Because the slat conveyor pulls the HMA material from the hopper in
a bulk mass with little or no remixing, any segregated
characteristics of the HMA material as it exists in the hopper
continues to exist in the HMA material as it is placed by the
opposing screw conveyors on the subgrade in front of the
screed.
[0010] When the undesirably segregated, HMA material is delivered
to the construction site and placed by the asphalt paver, the mat
produced is not of uniform consistency but, instead, contains
regions having a surplus of larger sized aggregate and a paucity of
smaller sized aggregate and, likewise, regions with a surplus of
smaller sized aggregate and a paucity of larger sized aggregate. As
a result, the mat produced from the segregated material does not
possess the desired mechanical properties and generally will not
withstand the anticipated loads and stresses as well as a mat
constructed of non-segregated, or uniform, HMA material. What is
needed is an apparatus that is capable of, and a method for,
remixing segregated HMA material just before the HMA material is
placed on a subgrade by an asphalt paver whereby the detrimental
effects of segregation are substantially or totally eliminated.
[0011] After the pavement has been constructed, it is checked for
compliance with quality requirements specified by the purchasing
agency. In the past, agencies have conducted both quality control
(QC) and quality assurance (QA) testing. However, that role is
increasing being shifted to contractors.
SUMMARY
[0012] In one aspect, a computer-implemented method to monitor
pavement hot-mix material quality includes collecting quality
control data in real-time from one of: a plant, a truck, a lay-down
equipment, a paver; accessing a server located on a
wide-area-network; sending information collected from the
materials, components or blends to the server; applying one or more
test or inspection methodologies to the collected information;
generating one or more quality management reports from the test
methodologies; and sending the one or more quality management
reports to a reviewer.
[0013] Implementations of the aspect may include one or more of the
following.
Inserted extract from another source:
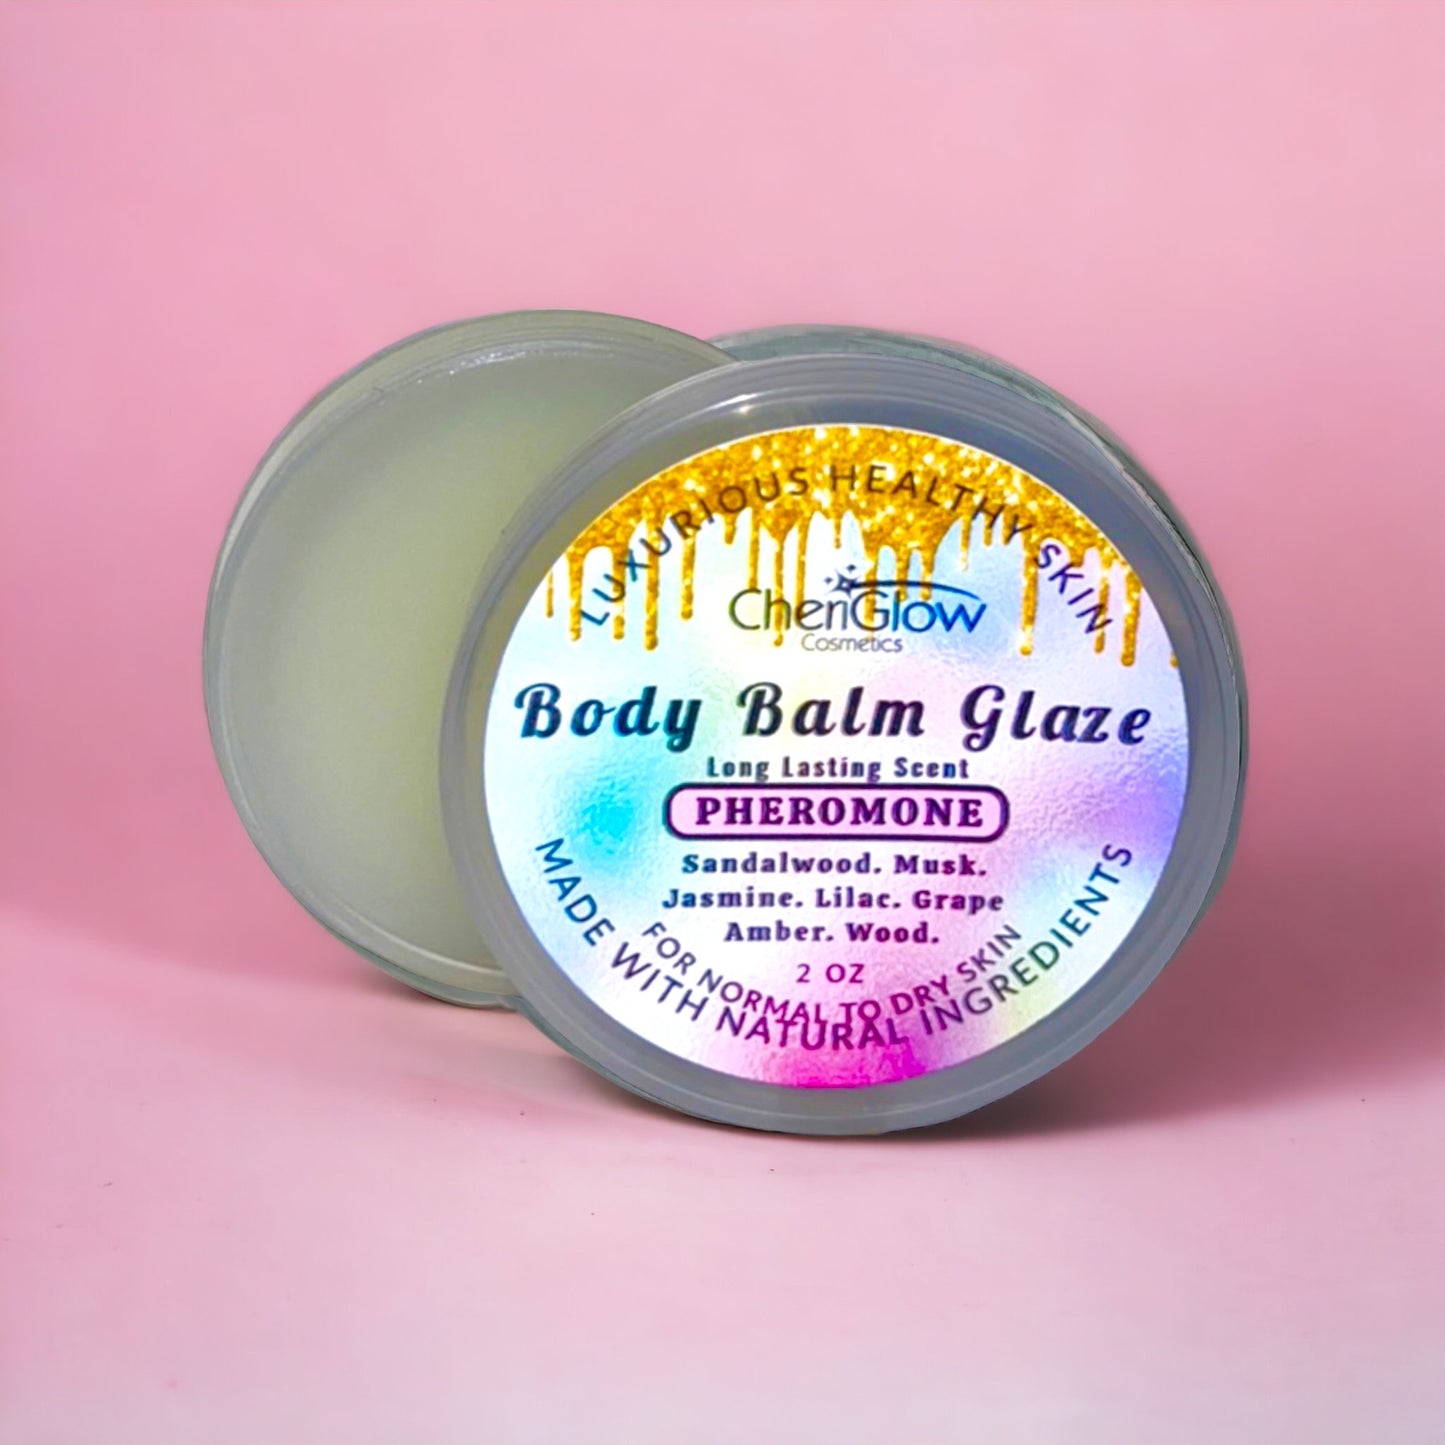 Body Balm Glaze - Pheromone

The method can provide an Internet browser interface to
access the server located on the wide-area-network. The
computer-implemented method can apply in general to asphalt
concrete, concrete and soils aggregate test and inspection
methodologies. The aggregate test methodologies can include any
testing methodologies with one or more of the following: Los
Angeles Abrasion; Soundness Test; 24 Hours Water Absorption Sand
Equivalent; Unit Weight and Voids in Aggregate; Specific Gravity,
Water Absorption and Moisture; and Clay Lumps and Friable Particles
in Aggregate. The method can include comprising applying soil test
methodologies. The soil test methodologies can include one or more
of the following: Soil Liquid, Plastic Limit and Plasticity Index;
Material in Soil Finer Than #200 Sieve; Moisture and Density of
Soil-Aggregate In-Place by Nuclear Method; Moisture Content;
Specific Gravity of Soil; Unconfined Compressive Strength of
Cohesive Soil; Sieve Analysis; and Compaction Test. The method can
include applying asphalt test methodologies. The asphalt test
methodologies can include one or more of the following: Extraction;
AES300 Emulsion Test; and ARA-1 Rejuvenate Agent. The method can
include applying asphalt mix test methodologies, wherein the
asphalt mix test methodologies can in turn include one or more of
the following: Ignition Test; Actual Specific Gravity; Theoretical
Maximum (Rice) Specific Gravity; Tensile Strength Ratio; Marshall
Stability; Hveem Stability and Voids Calculation. The method can
apply concrete mix test methodologies. The concrete mix test
methodologies can include one or more of the following: Unit
Weight, Yield, Air Content of Mix; Flexural Strength; Compressive
Strength of Cylindrical Concrete Specimens; and Air Content.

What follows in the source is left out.